Move the software packages obtained in Compiling the Spark Algorithm Adaptation Package to the installation directories, as shown in Table 1. The /home/test/boostkit/ is used as an example installation root directory.

This section uses the machine learning algorithm library 2.2.0 version as an example.
The test tool JAR packages and scripts used in this section are for reference only. You need to develop them based on your specific requirements.
Install the algorithm packages only on the client.

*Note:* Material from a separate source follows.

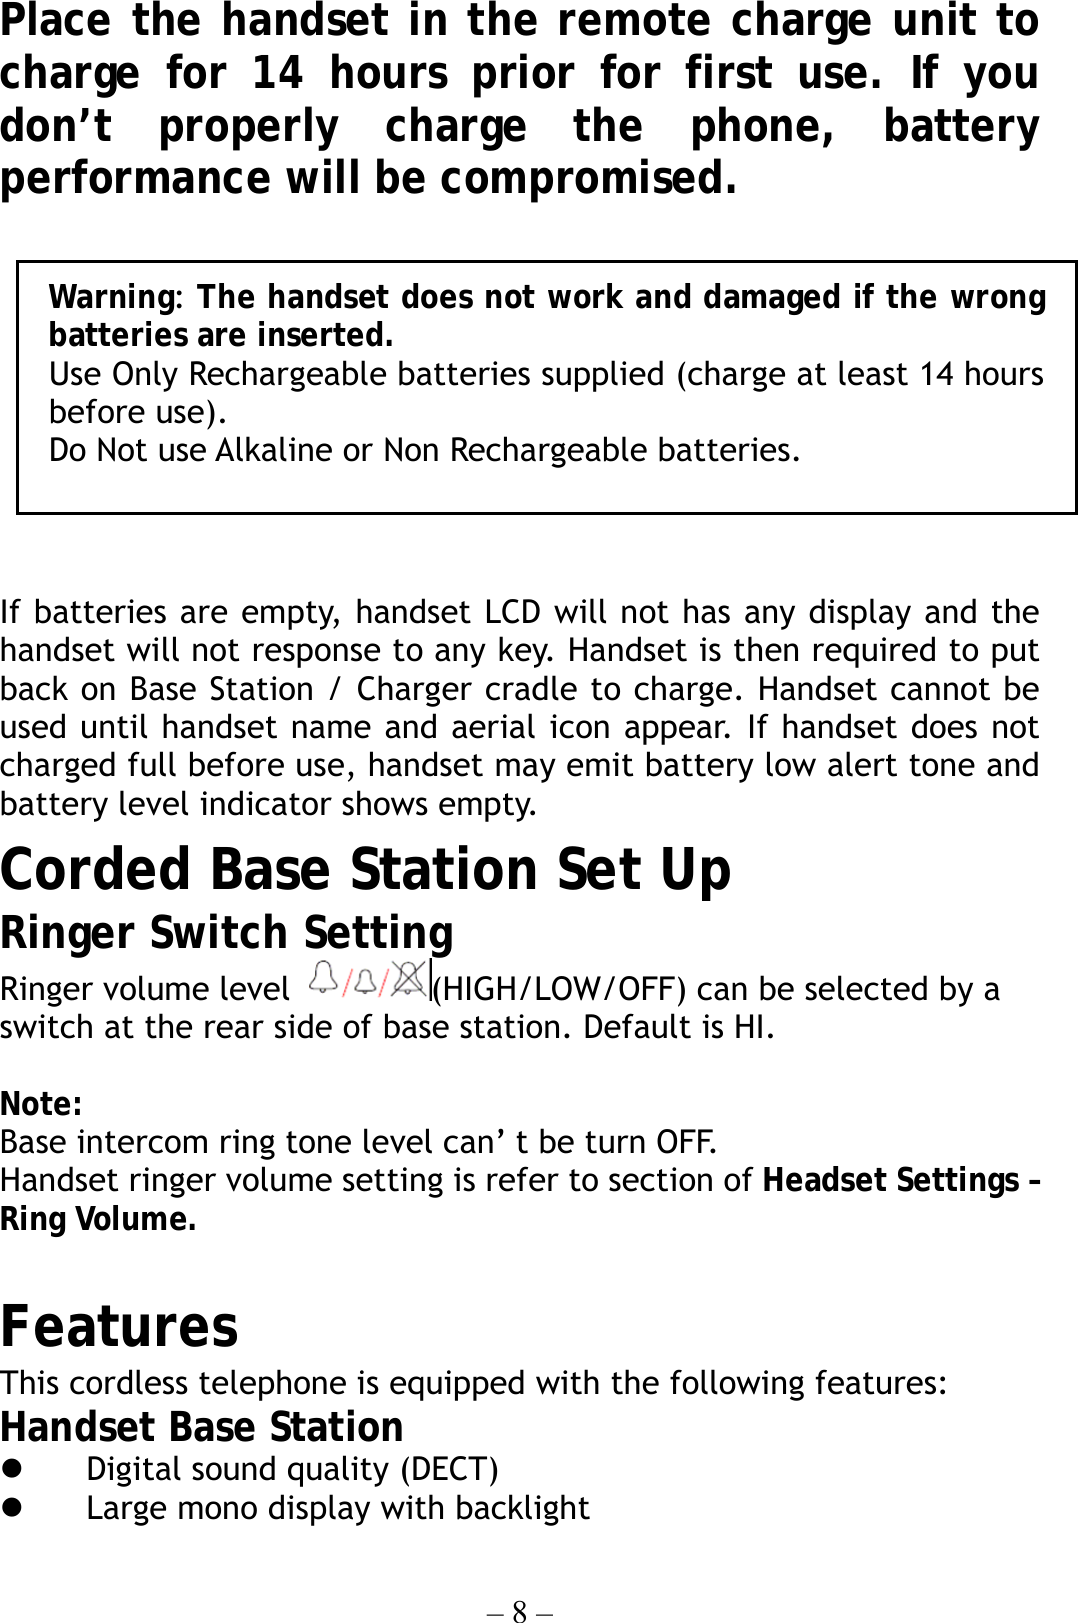 – 8 – Place the handset in the remote charge unit to charge for 14 hours prior for first use. If you don’t properly charge the phone, battery performance will be compromised.   If batteries are empty, handset LCD will not has any display and the handset will not response to any key. Handset is then required to put back on Base Station / Charger cradle to charge. Handset cannot be used until handset name and aerial icon appear. If handset does not charged full before use, handset may emit battery low alert tone and battery level indicator shows empty. Corded Base Station Set Up Ringer Switch Setting   Ringer volume level  (HIGH/LOW/OFF) can be selected by a switch at the rear side of base station. Default is HI.  Note:  Base intercom ring tone level can’ t be turn OFF. Handset ringer volume setting is refer to section of Headset Settings – Ring Volume.           Features                               This cordless telephone is equipped with the following features: Handset Base Station   Digital sound quality (DECT)       Large mono display with backlight     Warning: The handset does not work and damaged if the wrongbatteries are inserted. Use Only Rechargeable batteries supplied (charge at least 14 hoursbefore use). Do Not use Alkaline or Non Rechargeable batteries.

Do not install them on controller or compute nodes.

**Table 1** Installation directories
Installation Directory	Components to Be Installed
/home/test/boostkit/lib	boostkit-ml-acc_2.11-2.2.0-spark2.3.2.jar
	boostkit-ml-core_2.11-2.2.0-spark2.3.2.jar
	boostkit-ml-kernel-2.11-2.2.0-spark2.3.2-aarch64.jar
	boostkit-xgboost4j-kernel-2.11-2.2.0-spark2.3.2-aarch64.jar
	boostkit-xgboost4j-spark2.3.2_2.11-2.2.0.jar
	boostkit-xgboost4j_2.11-2.2.0.jar
	libboostkit_xgboost_kernel.so
	fastutil-8.3.1.jar (third-party open-source library)
/home/test/boostkit/	JAR test package
/home/test/boostkit/	Shell script for task submission

Perform the following steps:

From the client node, log in to the server as an authorized user of the big data component, install the third-party open-source library fastutil-8.3.1.jar on which the algorithms depend to the corresponding directory, and set the permission for the JAR file to 640.
1. Go to /home/test/boostkit/lib/.
  1
  cd /home/test/boostkit/lib
2. Download the fastutil-8.3.1.jar file.
  1
  wget https://repo1.maven.org/maven2/it/unimi/dsi/fastutil/8.3.1/fastutil-8.3.1.jar
3. Change the permission on the JAR file.
  1
  chmod 640 fastutil-8.3.1.jar

Copy the library adaptation package to the /home/test/boostkit/lib/ directory on the client and set the permission for the package to 550.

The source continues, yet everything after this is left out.